LONDON – The long phony war about the United Kingdom’s place in Europe is over. An increasingly vicious domestic “Battle for Britain” has been underway for weeks. In a referendum on June 23, British voters will decide whether the UK remains in the European Union or, after more than four decades of membership, negotiates its withdrawal.

Opinion polls are finely balanced. With the EU increasingly seen through the lens of economic crisis, political turmoil, and unwanted migrants, a British exit – or “Brexit” – is a realistic prospect. Indeed, advocates would seem to have the wind at their backs: In an age of widespread anti-establishment rage, their claim that bossy Brussels bureaucrats are to blame for everything wrong with Britain resonates widely, tempting voters to project their personal visions of Utopia onto a post-EU future. The “remain” camp, by contrast, must somehow sell the reality of the EU as it is, warts and all.

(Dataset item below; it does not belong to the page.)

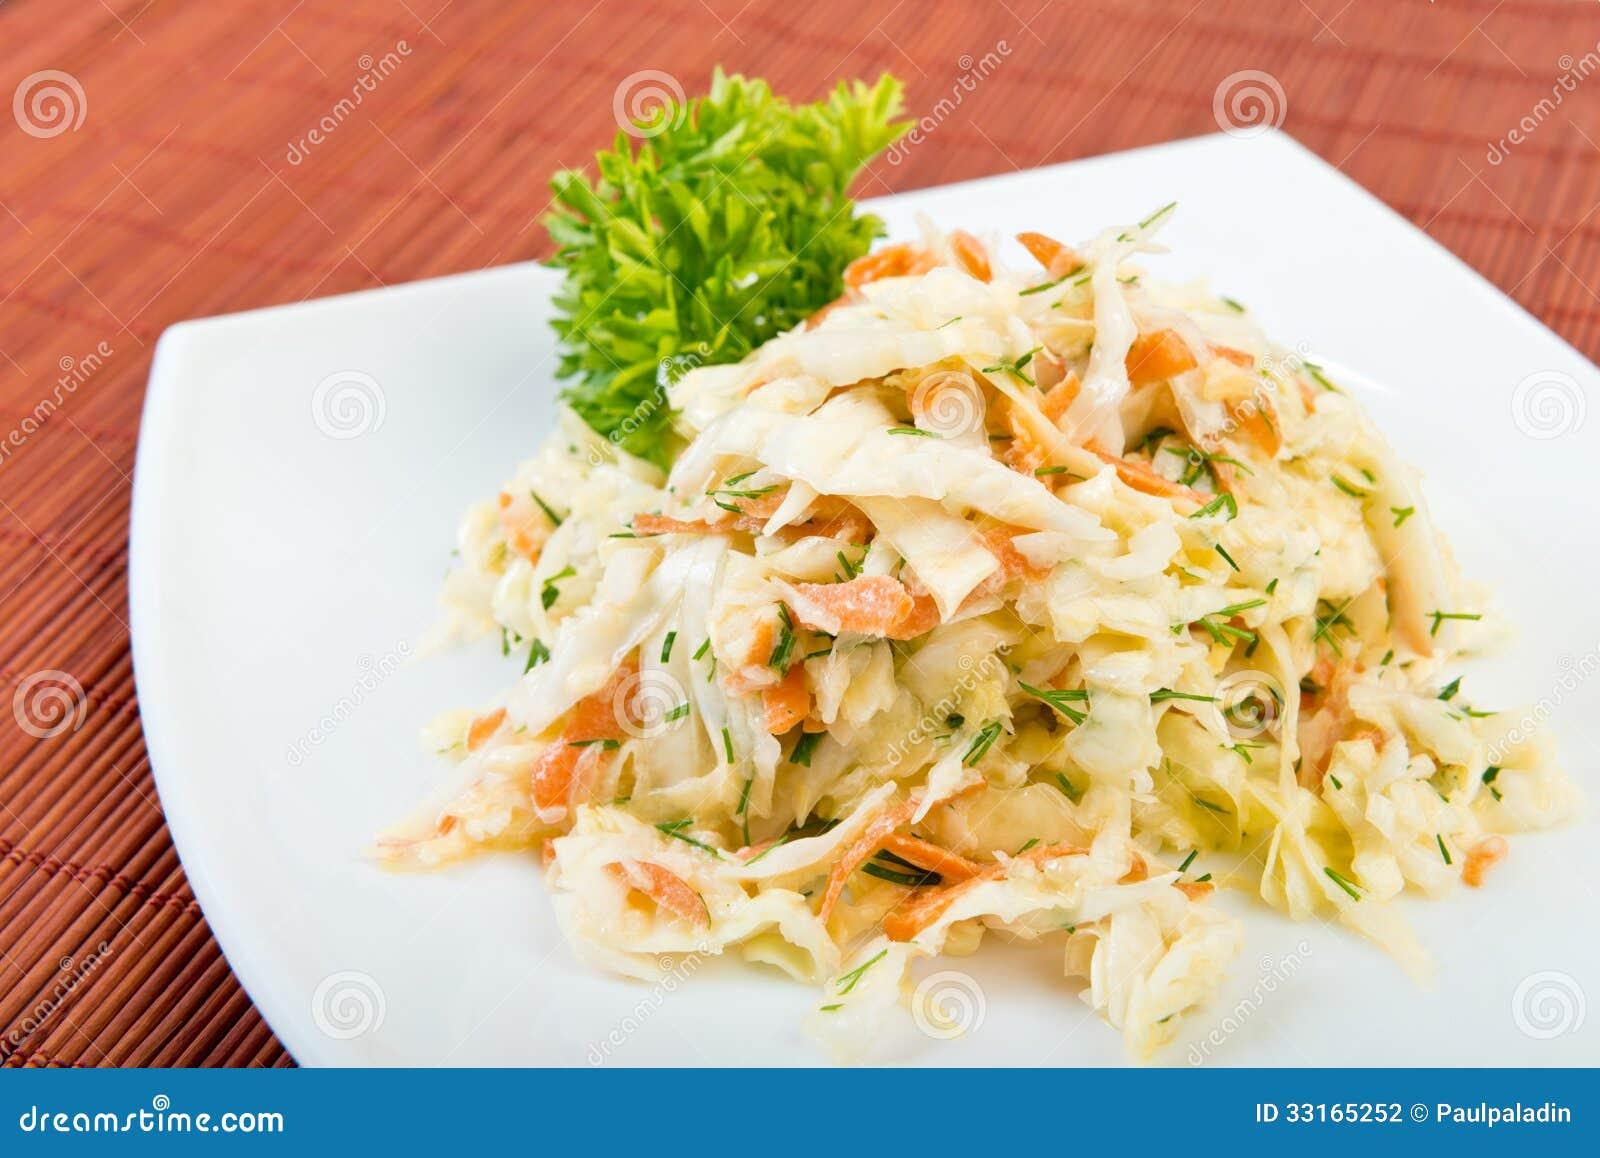 Постный салат из китайской капусты рецепты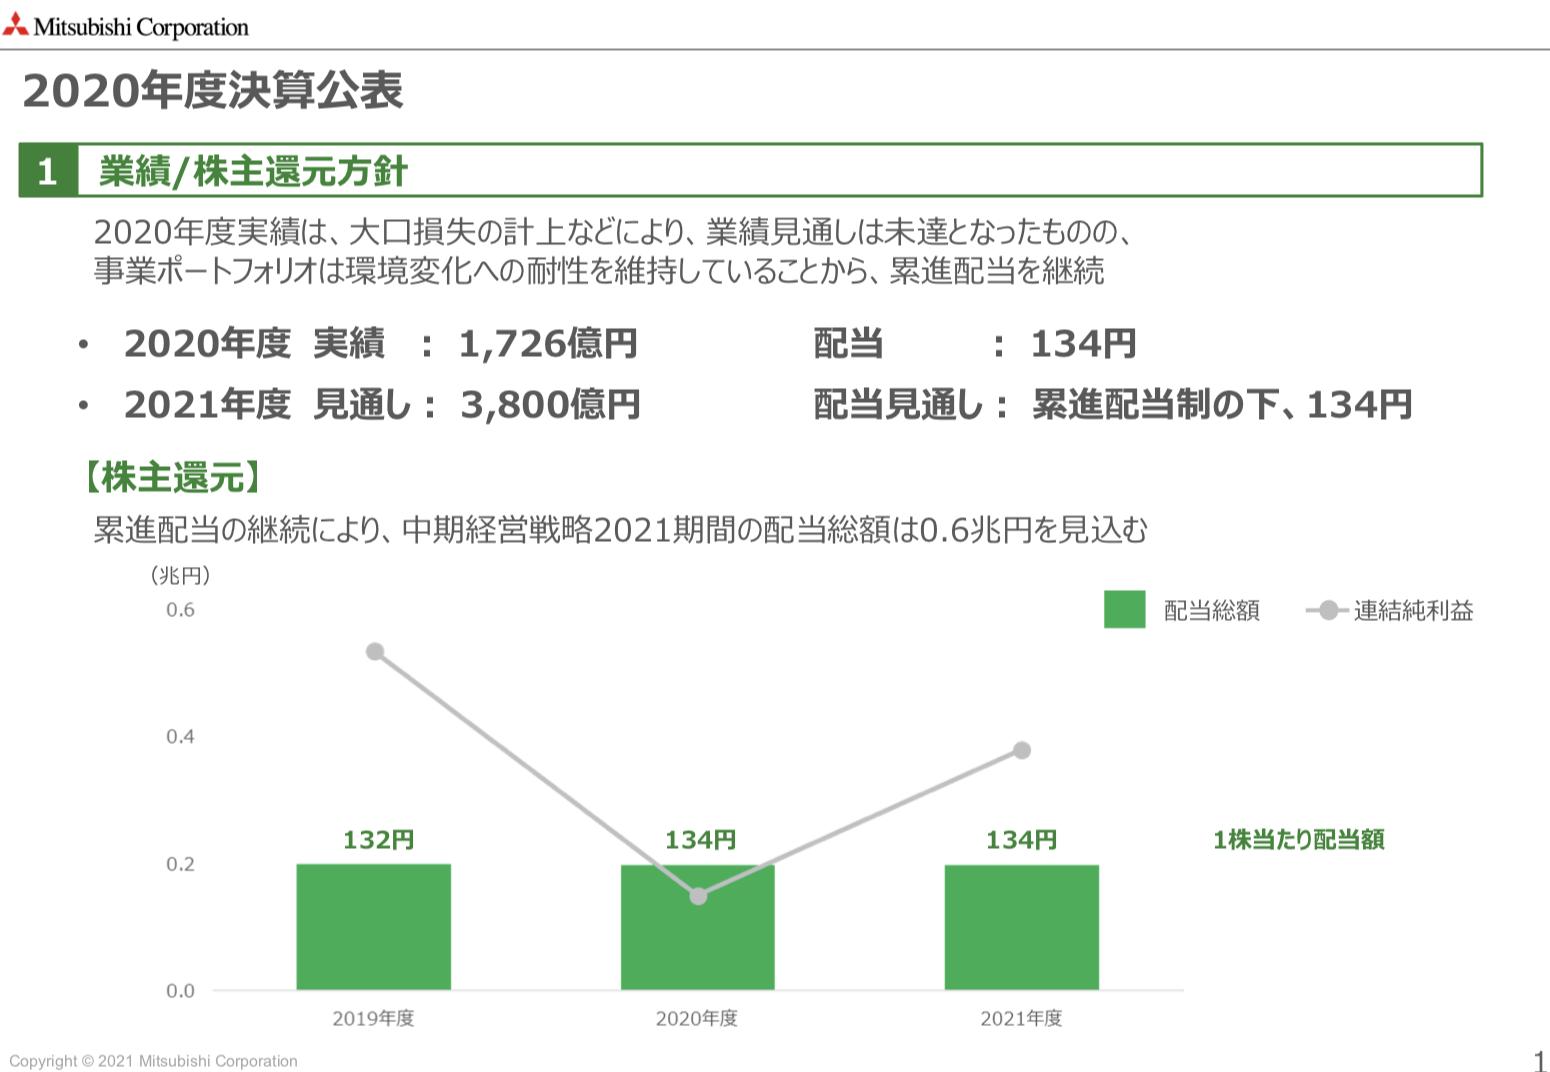 三菱商事 2020年度決算公表 未来を見据えた重要課題

While Britain’s debate about its relationship with “Europe” is often insular, Project Syndicate’s commentators bring a broader perspective to the question. They examine not only the likely implications of Brexit, but also how the UK arrived at this point and what the referendum – however it turns out – means for Europe’s future.

Getting to No

Carl Bildt, who was Sweden’s prime minister when his country joined the EU in 1995, provides an important reminder of what the European project has achieved – and thus what is at stake in the current threat to its integrity. “In the 1970s and 1980s,” he writes, “the magnetic promise of integration helped stabilize democracy in Greece, Spain, and Portugal.” After the collapse of communism, “the promise of EU accession eased, encouraged, and to some extent guided the transition” in Central and Eastern Europe in the 1990s. Likewise, the “soft power of an integrated Europe inspired democratic reform for decades in Turkey” and has had the same effect in Ukraine in recent years.